What Is Surfactant and Why Is It Important in Pregnancy?

Pulmonary surfactant is a complex, fatty substance produced within the lungs, composed mainly of phospholipids (fats) and specialized proteins. It acts as a coating on the inner surface of the tiny air sacs in the lungs, enabling them to function correctly. The presence of surfactant largely determines the survival prospects of infants born prematurely.

How Surfactant Supports Breathing

The lungs contain millions of microscopic air sacs called alveoli, where oxygen enters the blood and carbon dioxide is removed. These sacs are lined with fluid, which creates surface tension that constantly pulls the walls inward, causing them to collapse upon exhalation.

Surfactant’s primary function is to counteract this collapsing force. It works by inserting itself between water molecules, effectively reducing surface tension to near zero. This allows the alveoli to remain slightly inflated, even after the breath is expelled, reducing the physical effort required for the next breath and preventing lung exhaustion.

The Timeline of Fetal Lung Development

Surfactant production is a developmental process carried out by specialized cells within the lungs, known as Type II alveolar cells. These cells begin producing small amounts of surfactant as early as 20 to 24 weeks of pregnancy.
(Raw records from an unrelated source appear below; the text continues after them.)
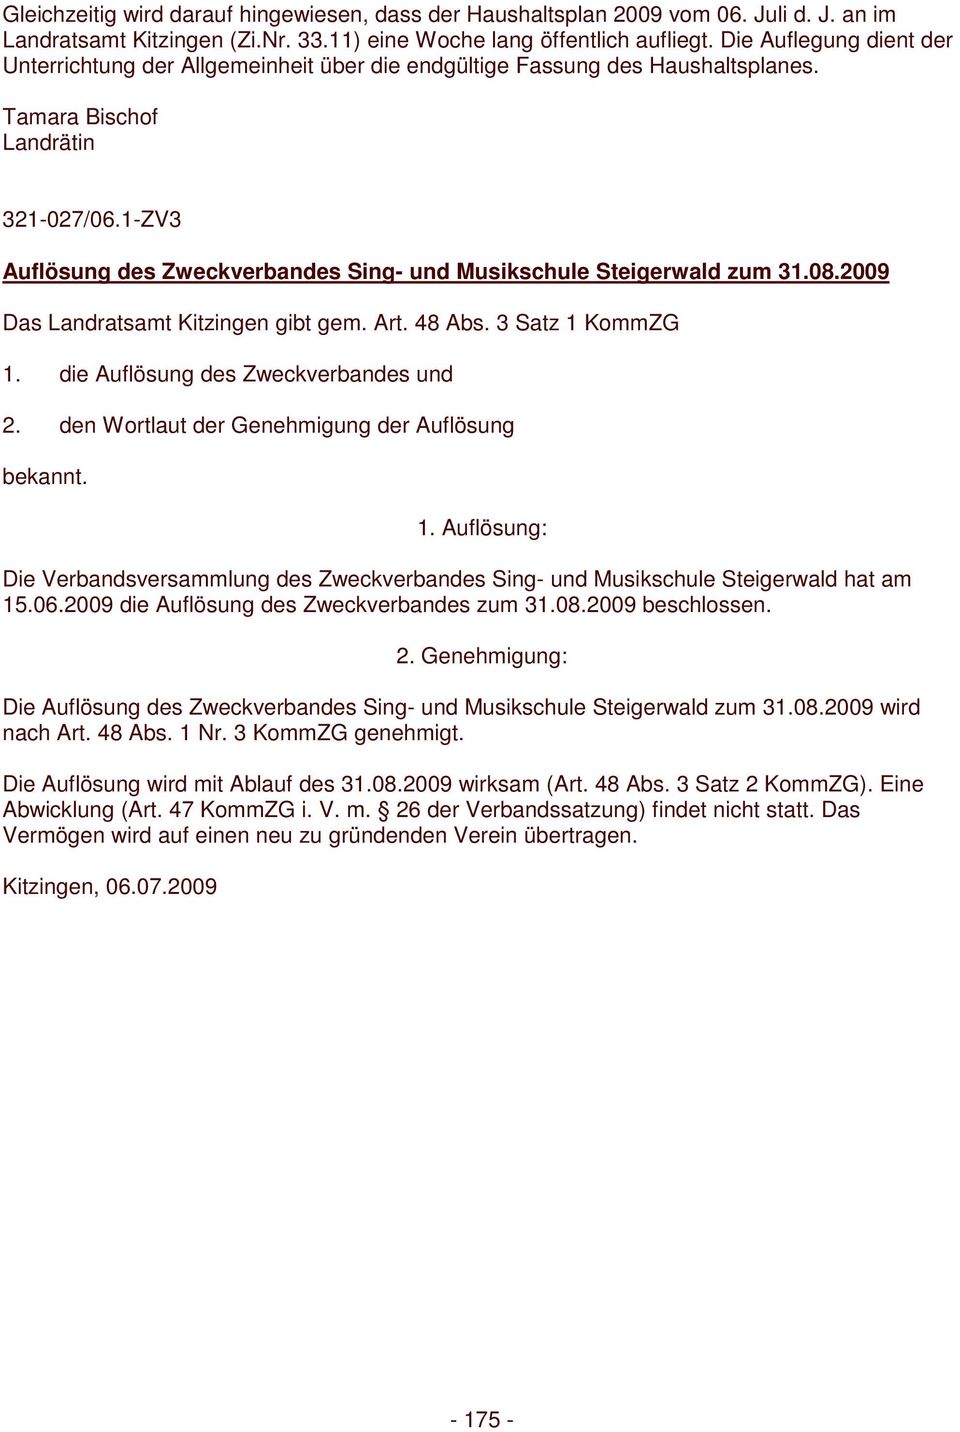 1-ZV3 Auflösung des Zweckverbandes Sing- und Musikschule Steigerwald zum 31.08.2009 Das Landratsamt Kitzingen gibt gem. Art. 48 Abs. 3 Satz 1 KommZG 1. die Auflösung des Zweckverbandes und 2.
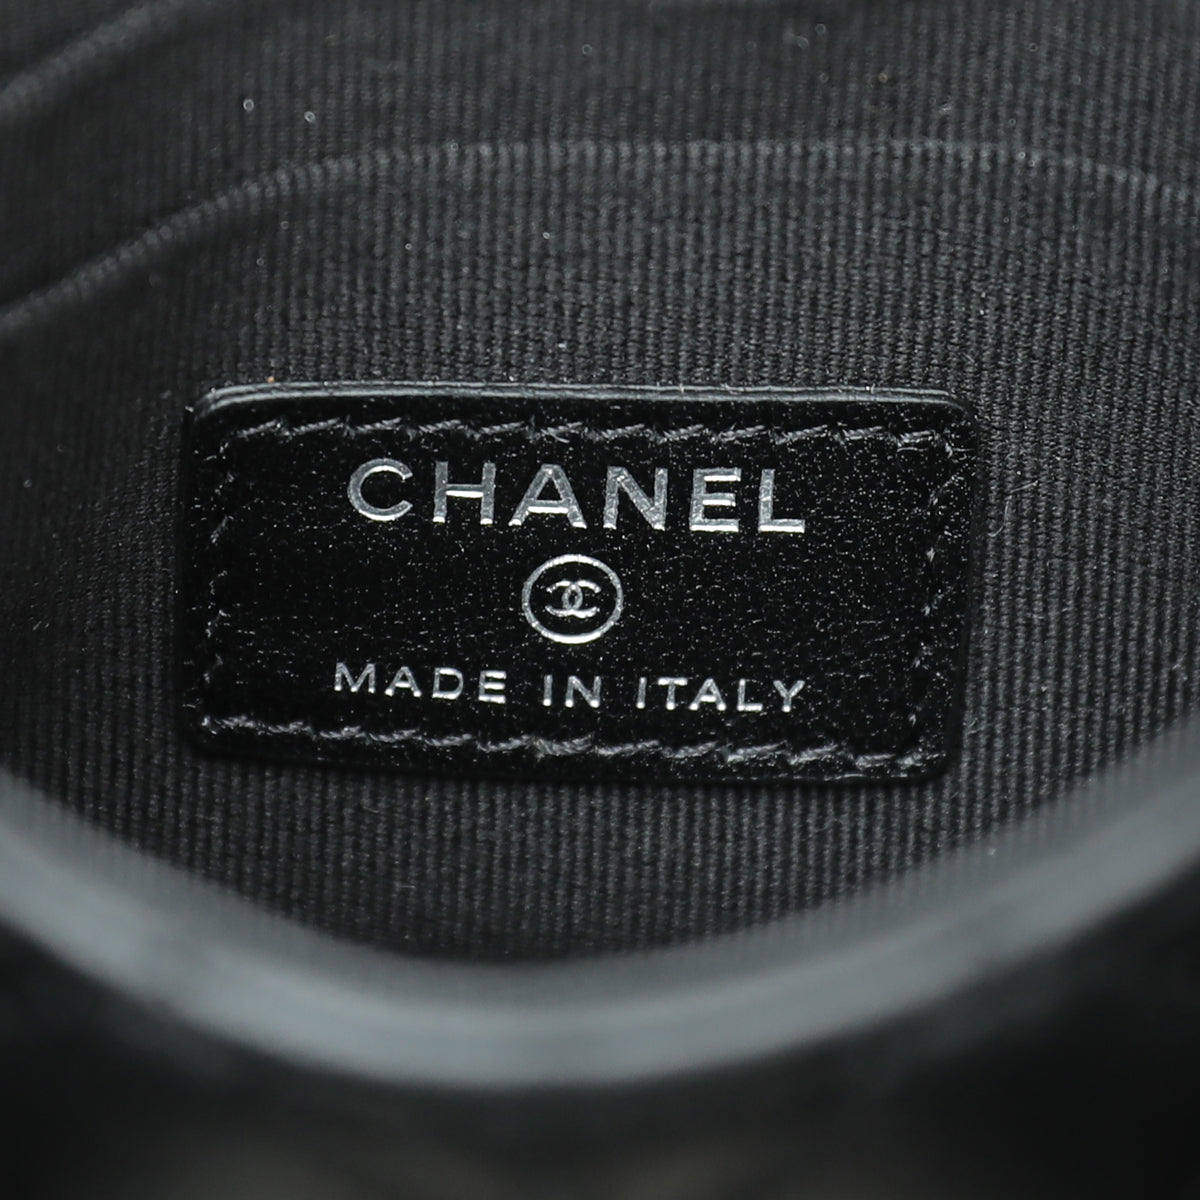 Chanel CC So Black Mini Trendy Mini Clutch With Chain
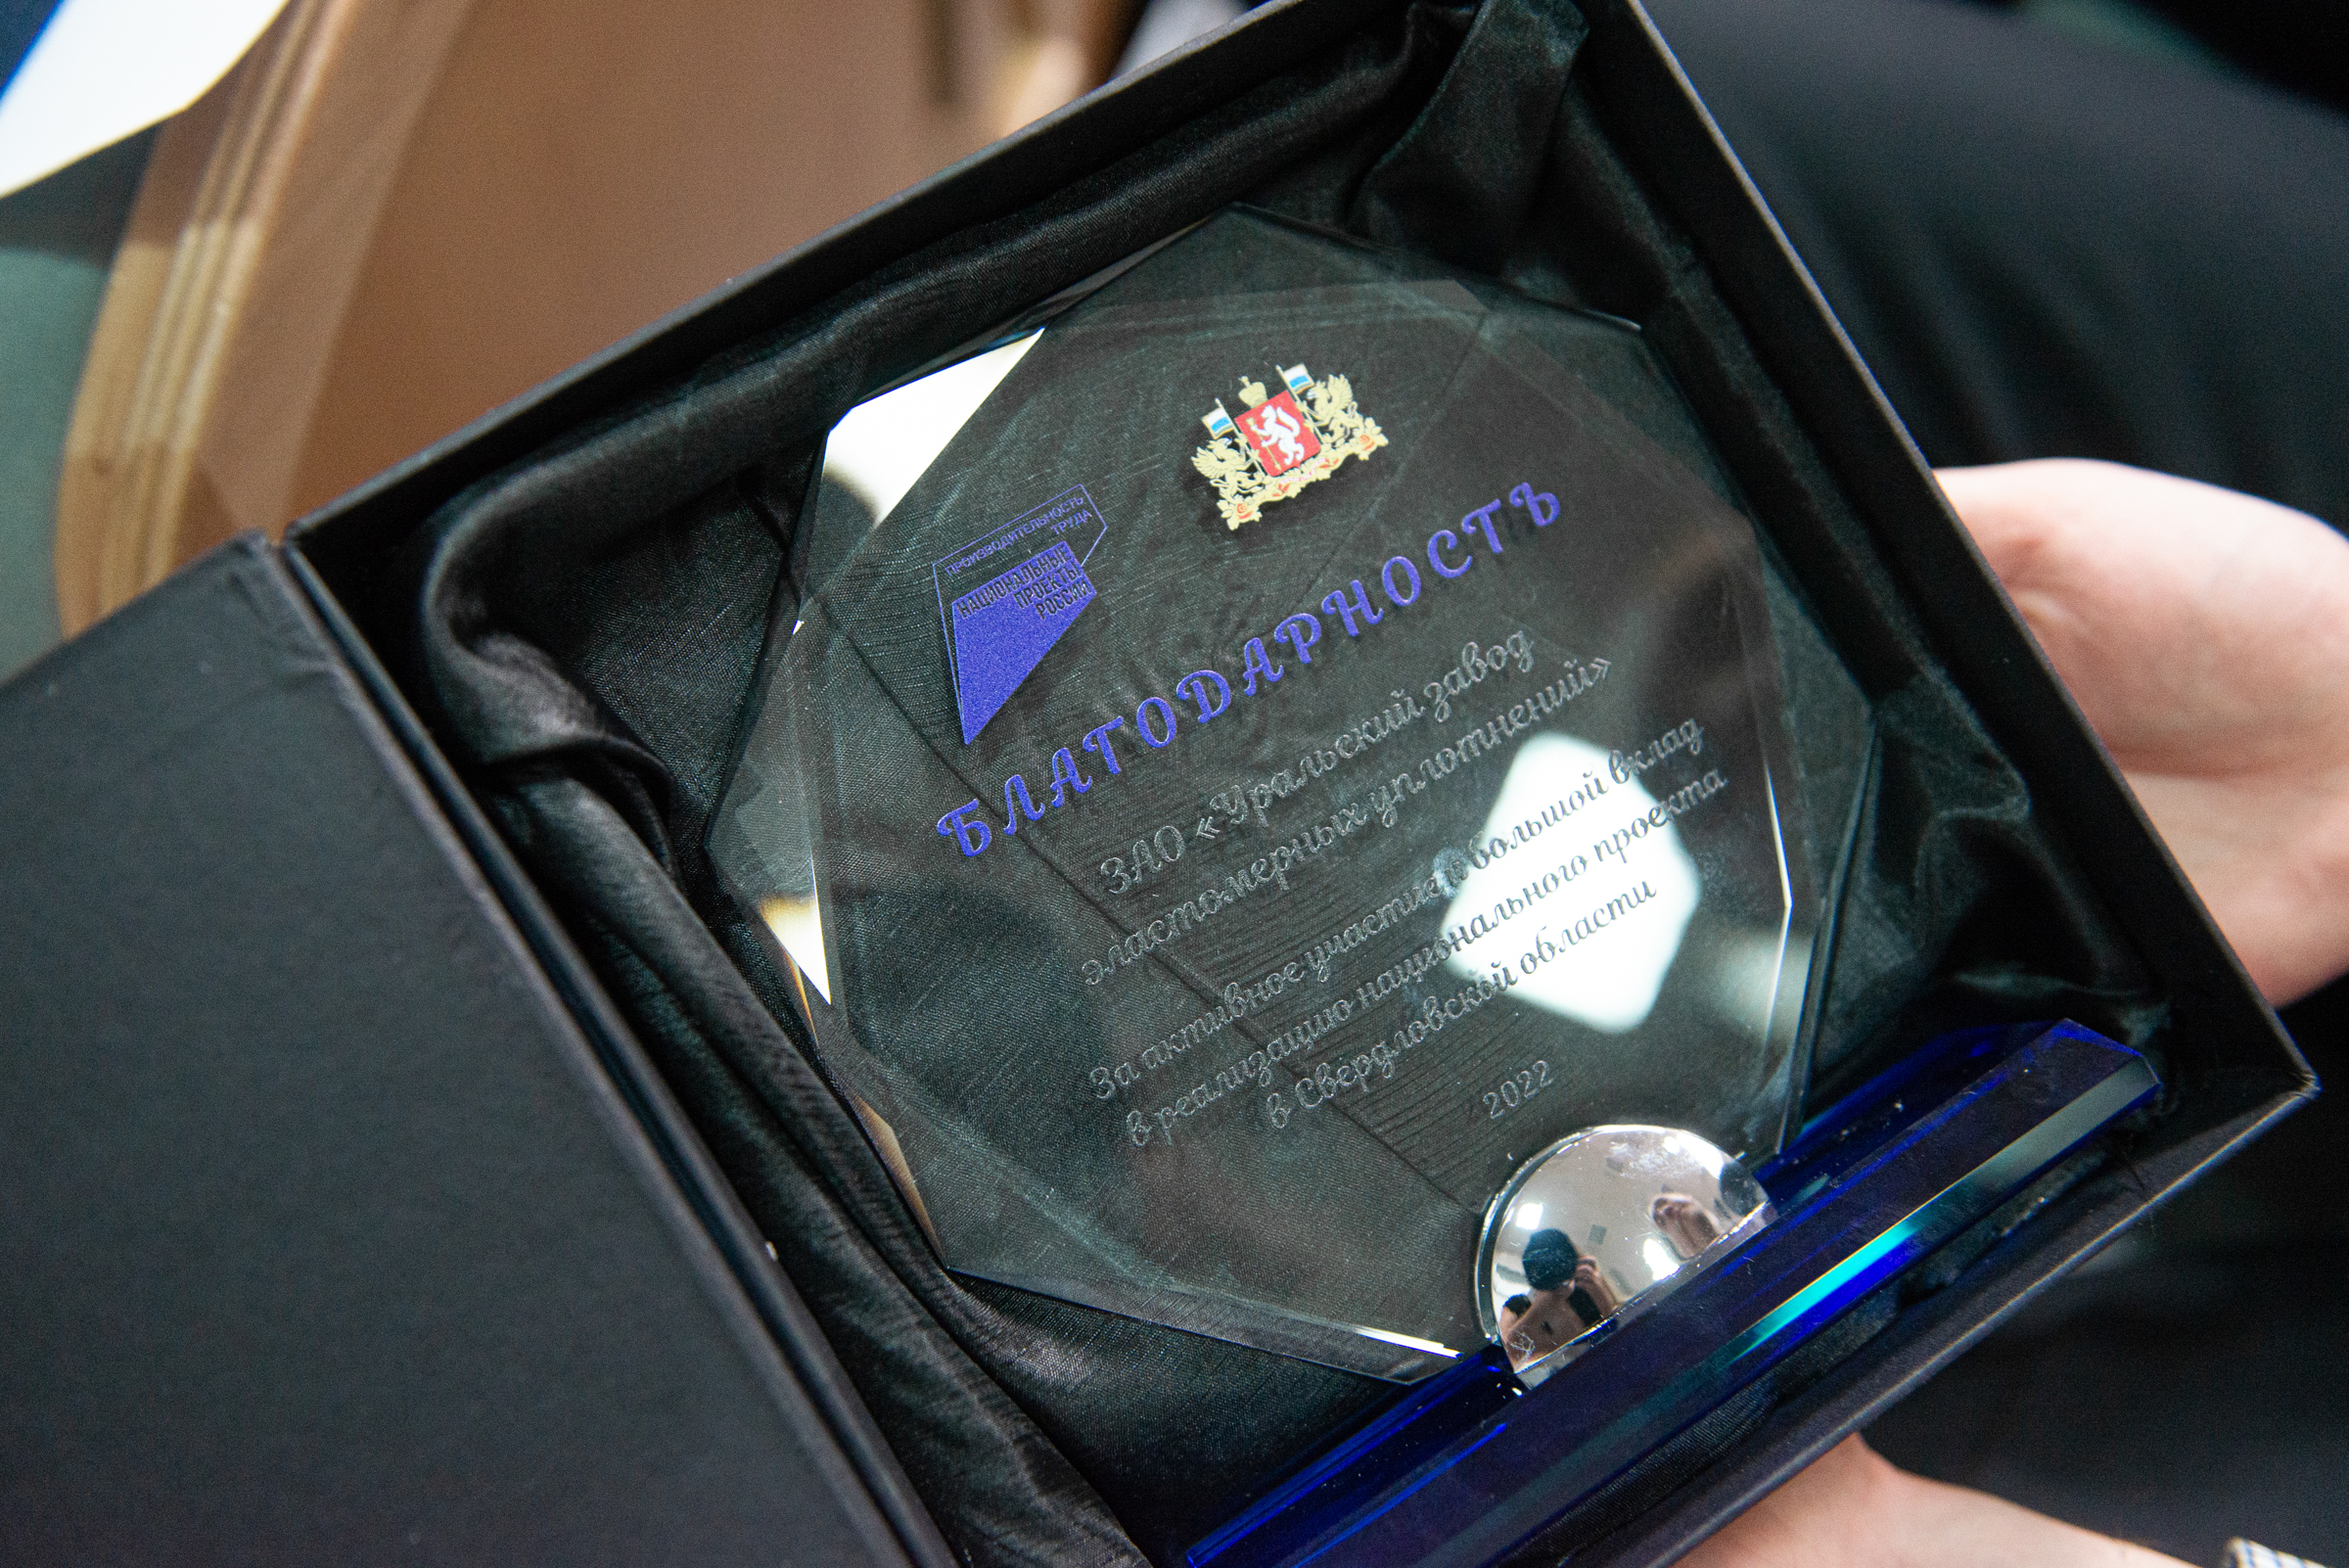 Алексей Шмыков наградил памятными знаками представителей предприятий – участников нацпроекта, принявших наиболее активное участие в его реализации.

However, this initial quantity is insufficient for independent breathing. Production accelerates significantly during the late second and third trimesters. Lung maturity, defined by having enough surfactant to prevent collapse, is typically achieved between 32 and 36 weeks of gestation. Premature birth before this window means the lungs are biologically immature and lack the necessary coating for breathing air.

Understanding Respiratory Distress Syndrome

A deficiency of pulmonary surfactant in a newborn leads to Respiratory Distress Syndrome (RDS). Without the stabilizing effect of surfactant, the infant’s alveoli repeatedly collapse upon exhalation. The baby must use significant effort to re-inflate the lungs with every breath, quickly leading to fatigue.

This struggle is visible as rapid, shallow breathing, often accompanied by an audible grunting sound. Since the lungs are not fully expanding, gas exchange is compromised, resulting in low oxygen levels. A severe lack of oxygen causes a bluish discoloration of the skin and mucous membranes, known as cyanosis.

Treating Surfactant Deficiency

Two main strategies manage surfactant deficiency in premature infants. The first is antenatal treatment, where corticosteroids (typically betamethasone) are administered to the mother when premature delivery is anticipated between 24 and 34 weeks gestation. These injections cross the placenta, accelerating the maturation of the Type II alveolar cells. Corticosteroids stimulate the production and release of natural surfactant, significantly reducing the severity of RDS at birth.

The second strategy is postnatal treatment, which involves administering exogenous surfactant replacement therapy directly to the newborn’s lungs. This liquid suspension, often derived from animal sources or made synthetically, is delivered through a tube placed in the baby’s windpipe. Administering this replacement surfactant immediately coats the alveolar surfaces, restoring the necessary surface-tension-lowering properties. Early administration, often within the first two hours of life, can reduce mortality and the risk of complications associated with the syndrome.